#### [What to produce]
From the first line to the last, copy the listing exactly and omit the pictures.

#### [Provided material]
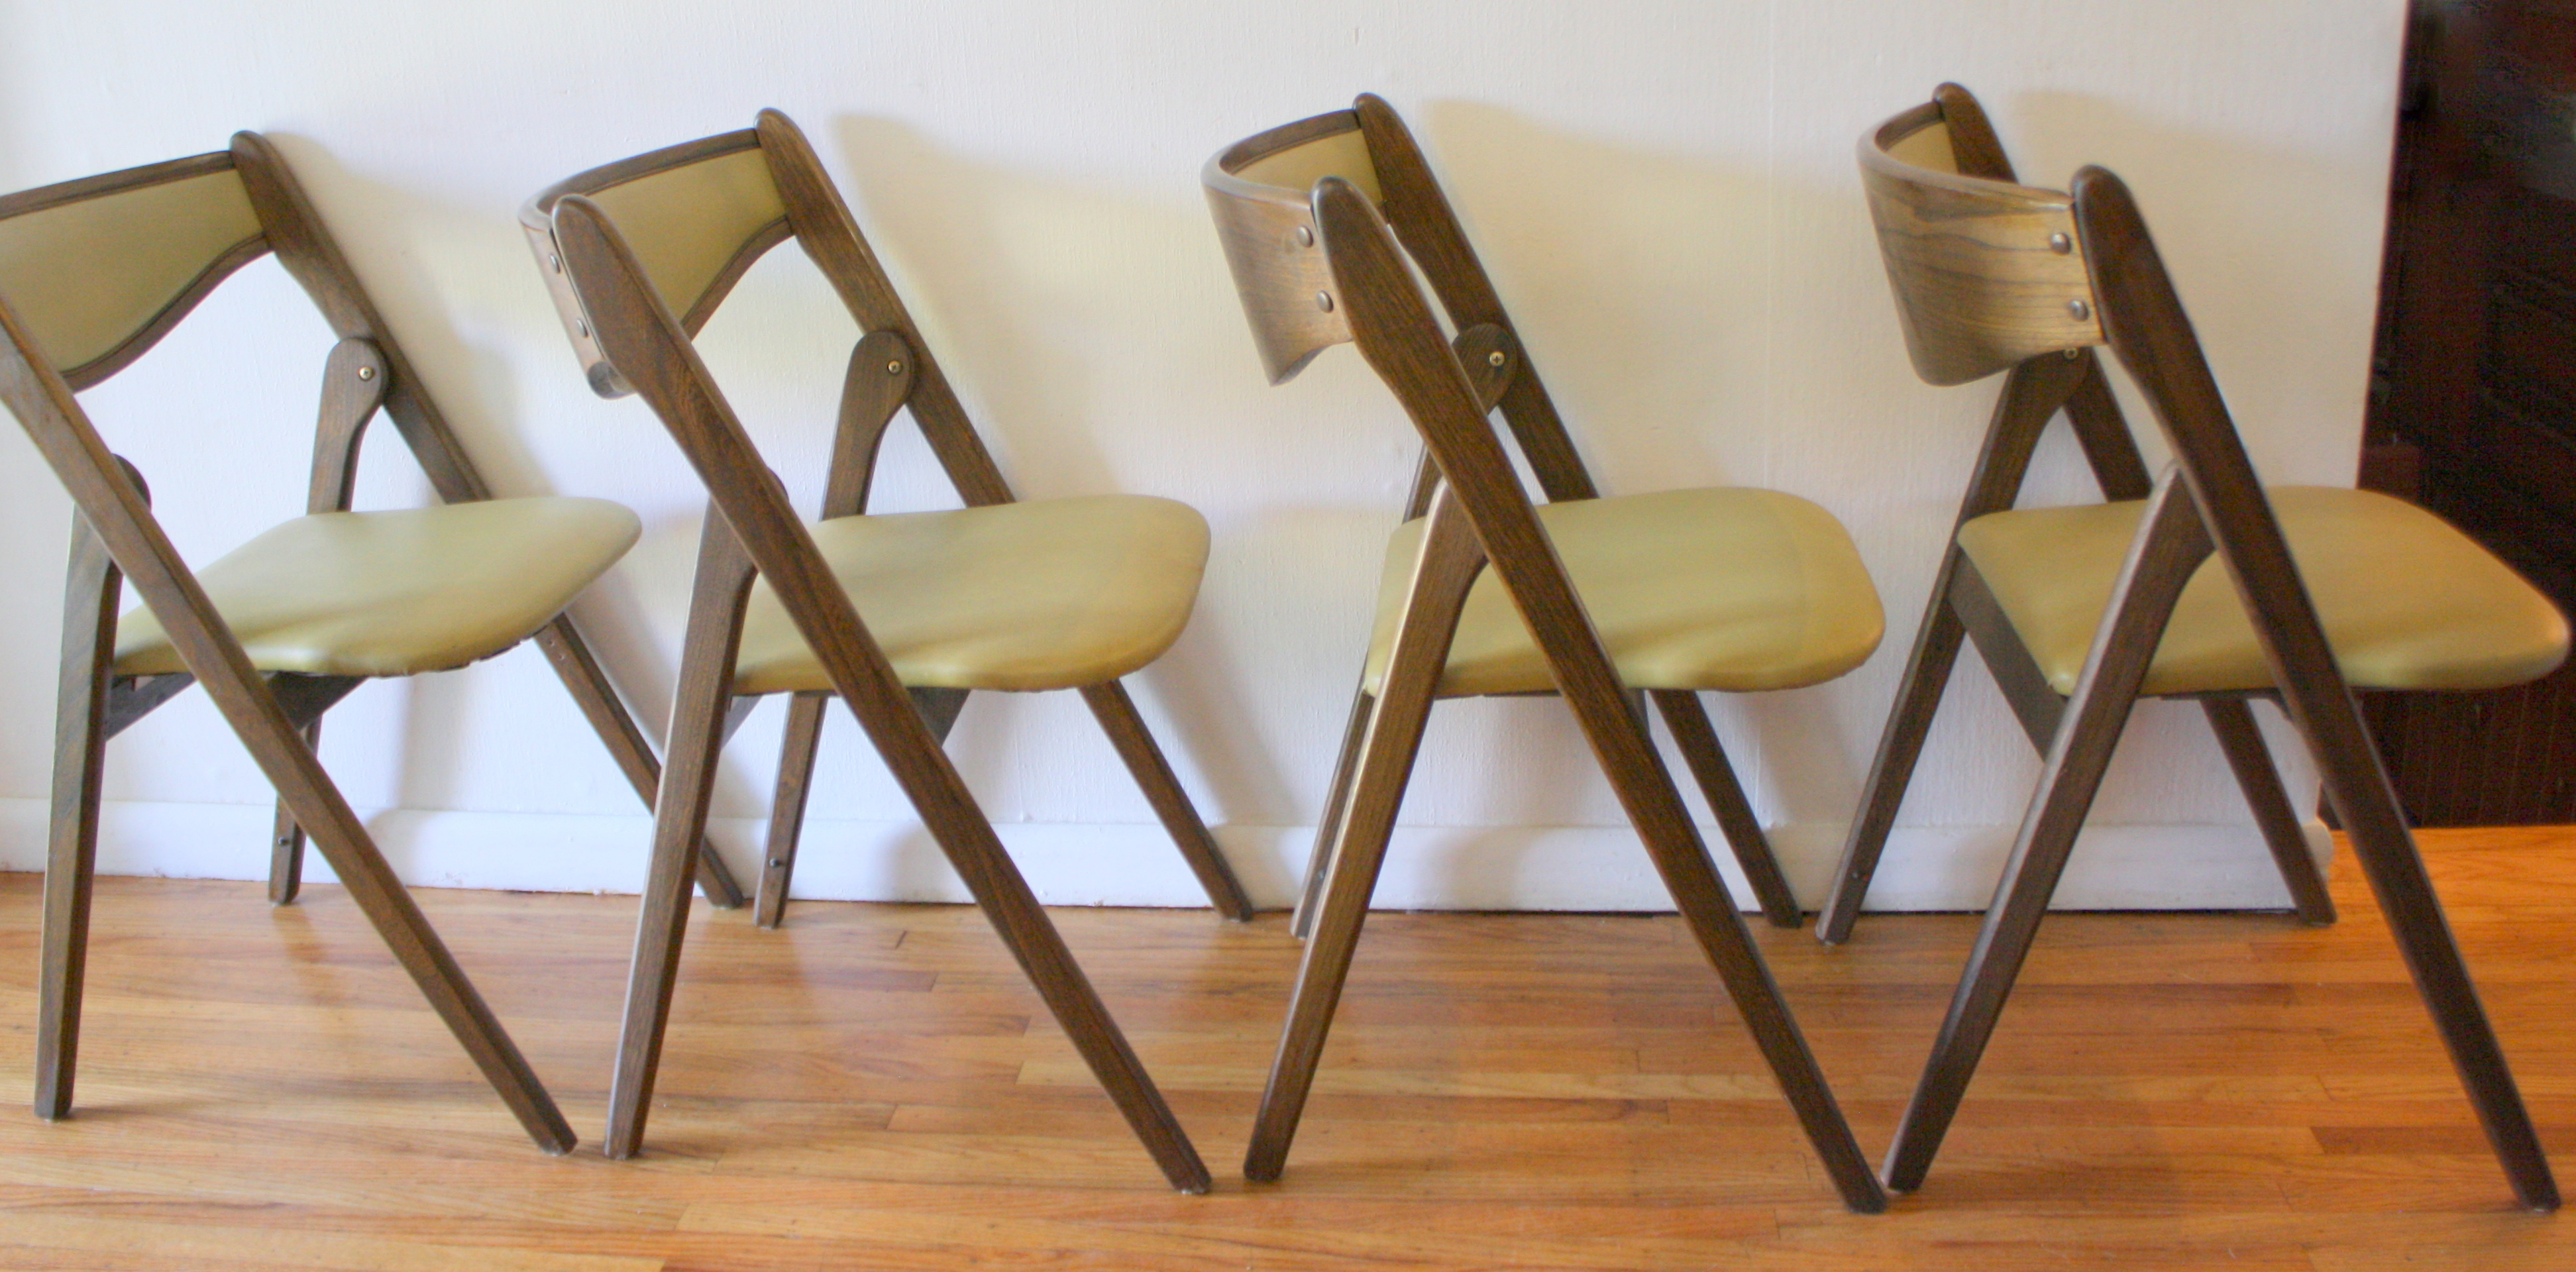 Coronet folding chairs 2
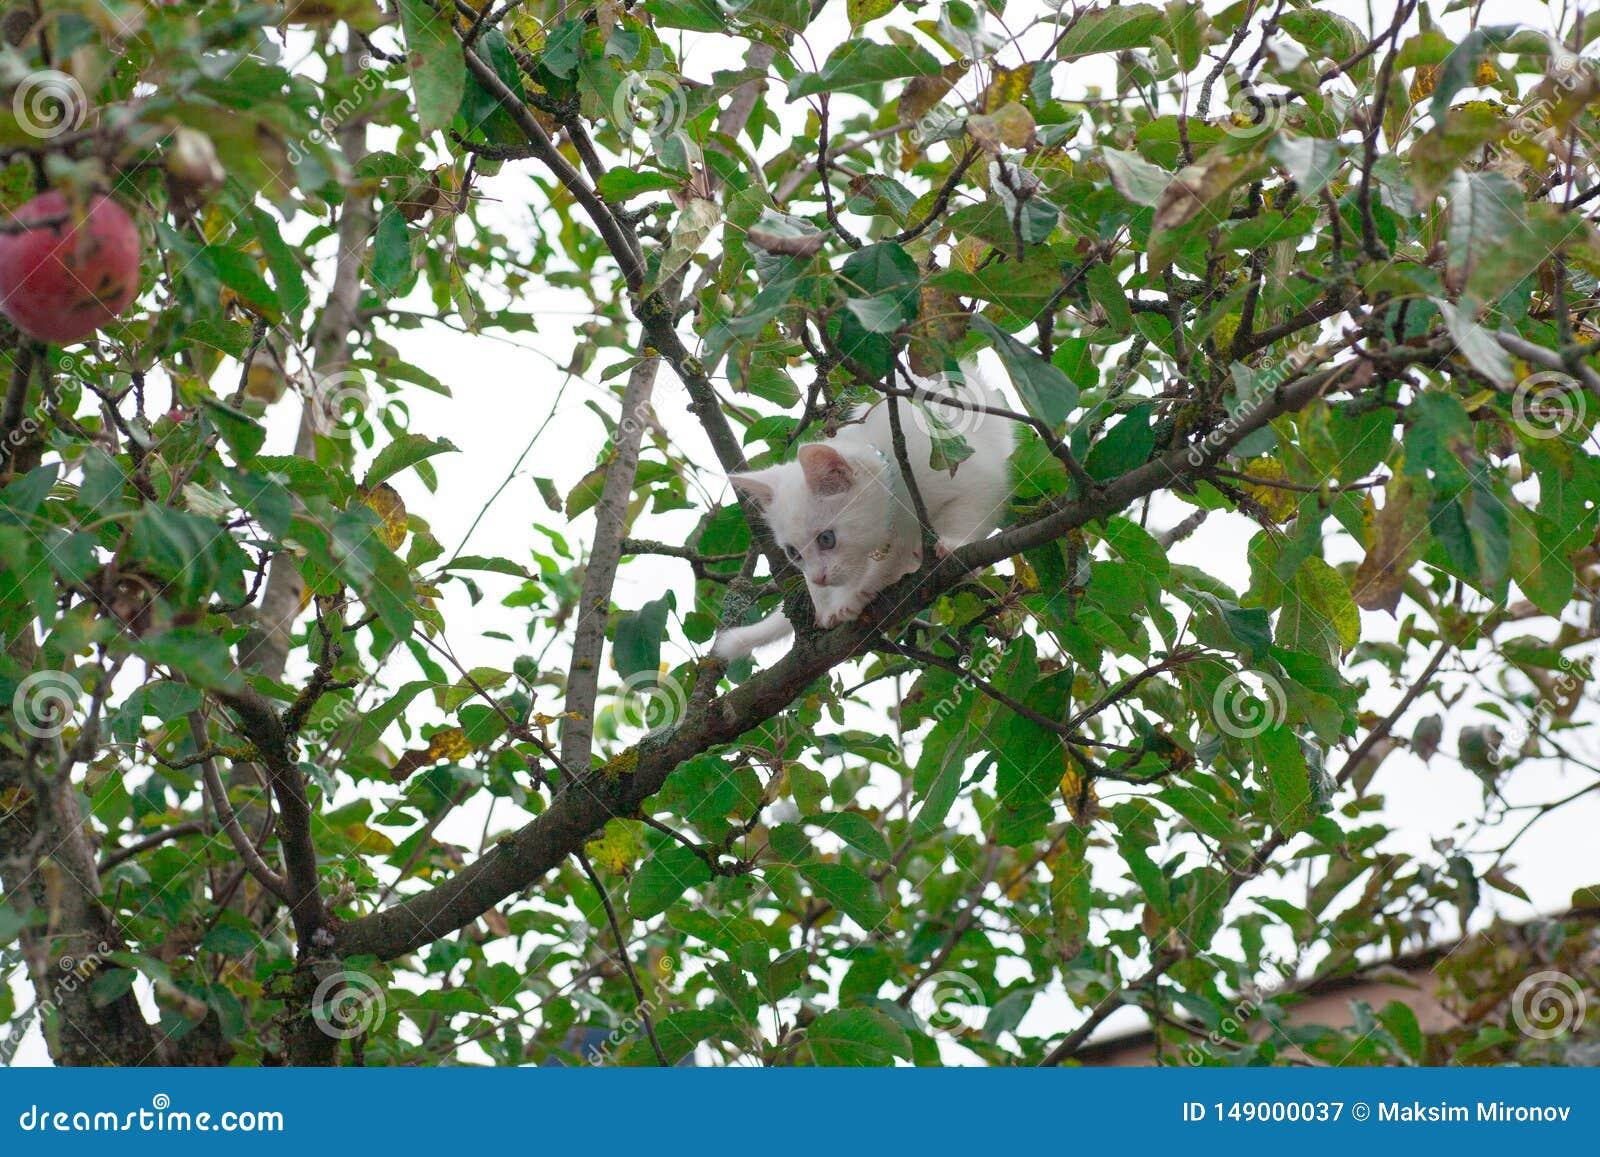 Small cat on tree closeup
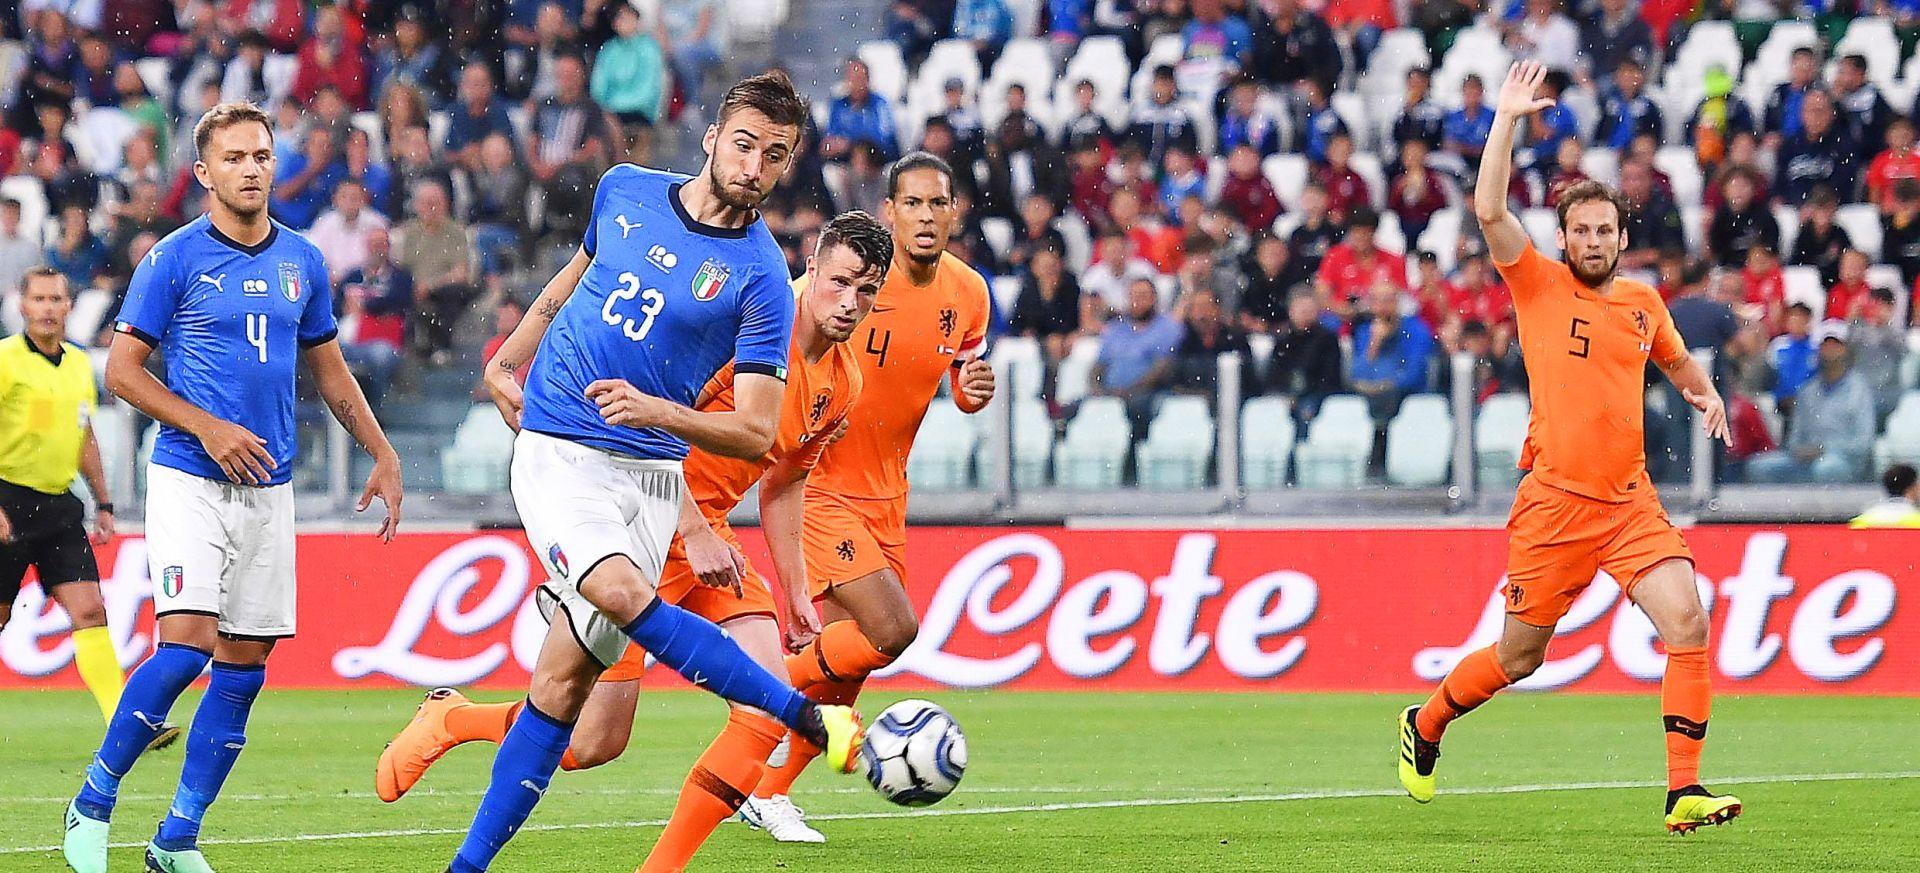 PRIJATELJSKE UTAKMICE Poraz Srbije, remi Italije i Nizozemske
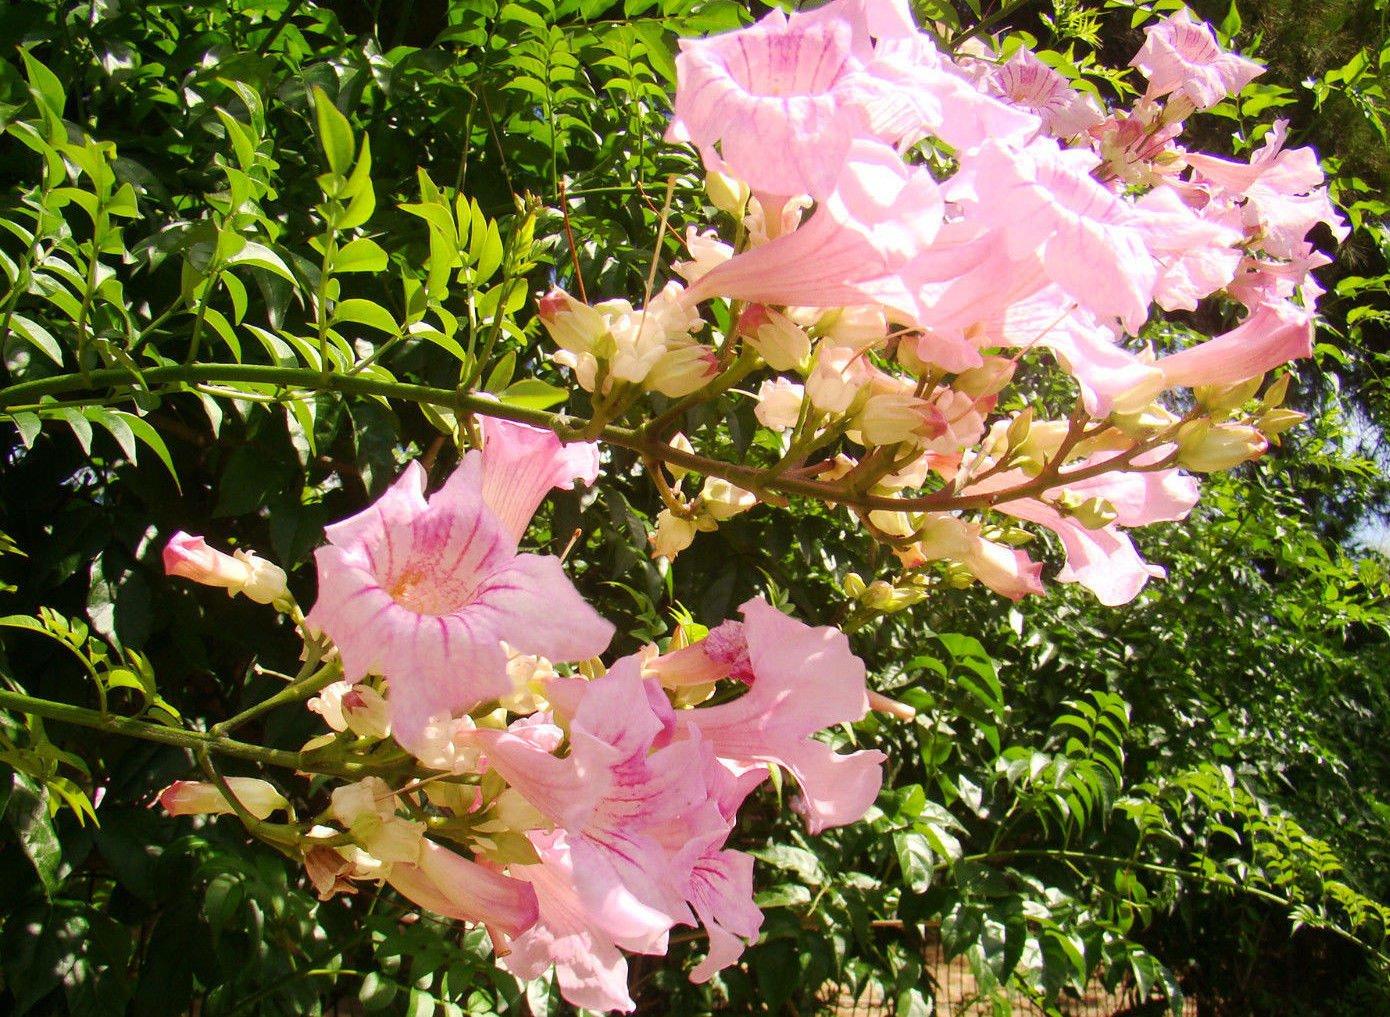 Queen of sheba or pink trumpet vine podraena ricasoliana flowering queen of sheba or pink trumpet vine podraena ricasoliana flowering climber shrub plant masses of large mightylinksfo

#### [Reply to the exercise]
 Coronet folding chairs 2
 Small cat on tree closeup
 PRIJATELJSKE UTAKMICE Poraz Srbije, remi Italije i Nizozemske
 Queen of sheba or pink trumpet vine podraena ricasoliana flowering queen of sheba or pink trumpet vine podraena ricasoliana flowering climber shrub plant masses of large mightylinksfo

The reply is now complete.